The gold standard is a graded exercise test on a treadmill or stationary bike while wearing a mask connected to a metabolic cart, a device that measures exactly how much oxygen you inhale and how much carbon dioxide you exhale. The most common protocol, known as the Bruce protocol, increases the treadmill’s speed and incline every three minutes until you physically can’t continue. Your VO2 max is the point at which your oxygen consumption plateaus despite increasing effort.
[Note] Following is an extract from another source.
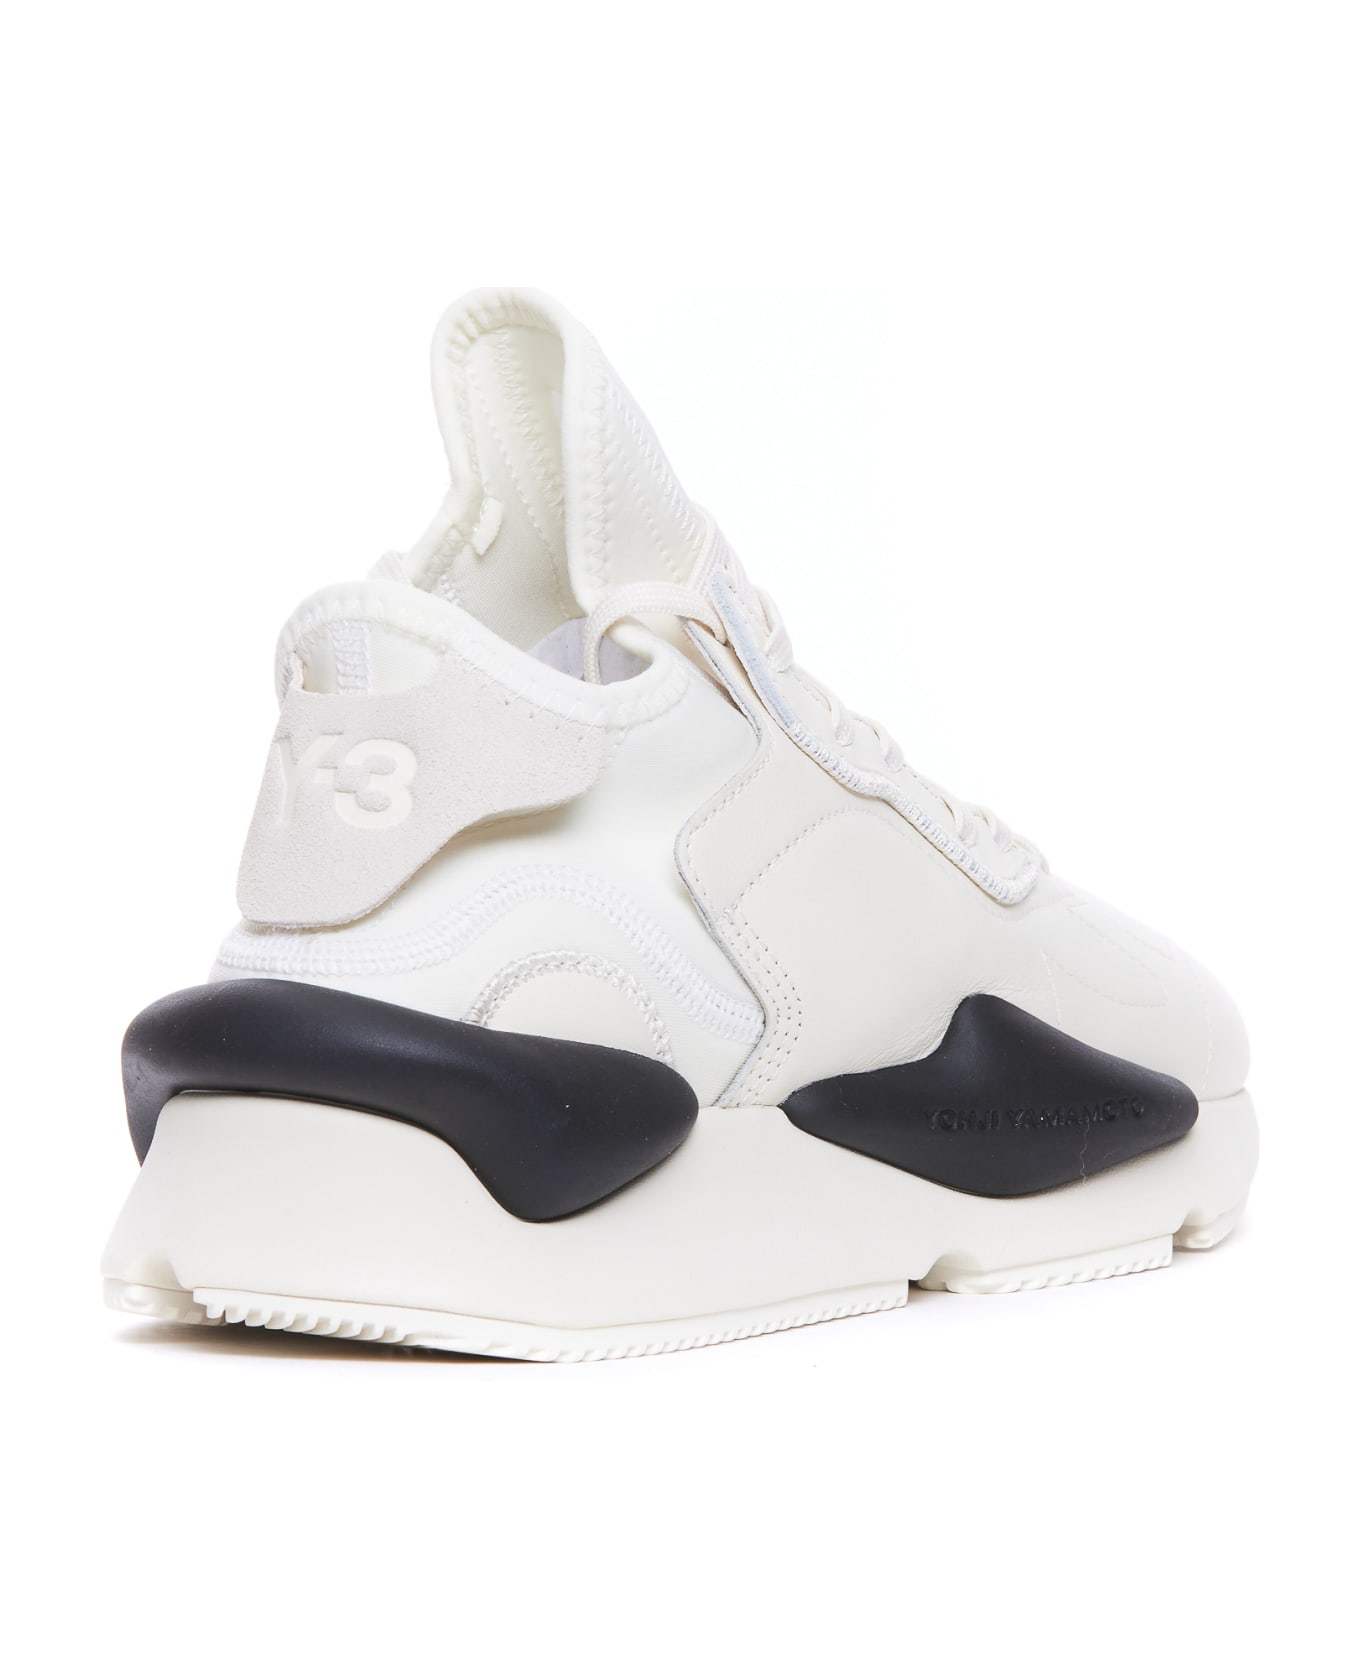 Y-3 Kaiwa Sneakers - White

These tests are available at sports performance labs, some hospitals, and university exercise science departments. They typically cost between $100 and $250 and take about 15 to 20 minutes of actual exercise time.

How Accurate Are Smartwatch Estimates

Most modern fitness watches from Apple, Garmin, and others provide a VO2 max estimate based on your heart rate and pace during outdoor workouts. These estimates are convenient but imperfect. A 2024 study on the Apple Watch Series 10 found an average error of about 6.8 mL/kg/min compared to lab testing, which works out to roughly 13% off in either direction. That means if your watch says 40, your true value could be anywhere from about 33 to 47.

Watch estimates are most useful for tracking trends over time rather than treating any single reading as precise. If your number climbs steadily over months of training, your fitness is genuinely improving, even if the absolute value isn’t perfectly calibrated. If you want a number you can trust, a lab test is the only reliable option.

How to Improve Your Score

VO2 max responds predictably to training. Untrained individuals can see improvements of 15 to 20% within a few months of consistent aerobic work. The two most effective approaches are high-intensity interval training and sustained threshold efforts.

Interval training involves alternating between hard efforts (85 to 95% of your max heart rate) and recovery periods. A common protocol is four minutes hard, three minutes easy, repeated four to five times. Two to three sessions per week, combined with easier aerobic base work on other days, is enough to drive meaningful gains. Steady-state runs, cycling, swimming, or rowing at a pace where you can barely hold a conversation also contribute, though the biggest jumps tend to come from the interval work.

Consistency matters more than intensity on any single day. People who maintain regular aerobic exercise over years can partially offset the natural age-related decline, which averages roughly 1% per year after age 25. A fit 60-year-old can realistically maintain a VO2 max that matches or exceeds the average 30-year-old’s.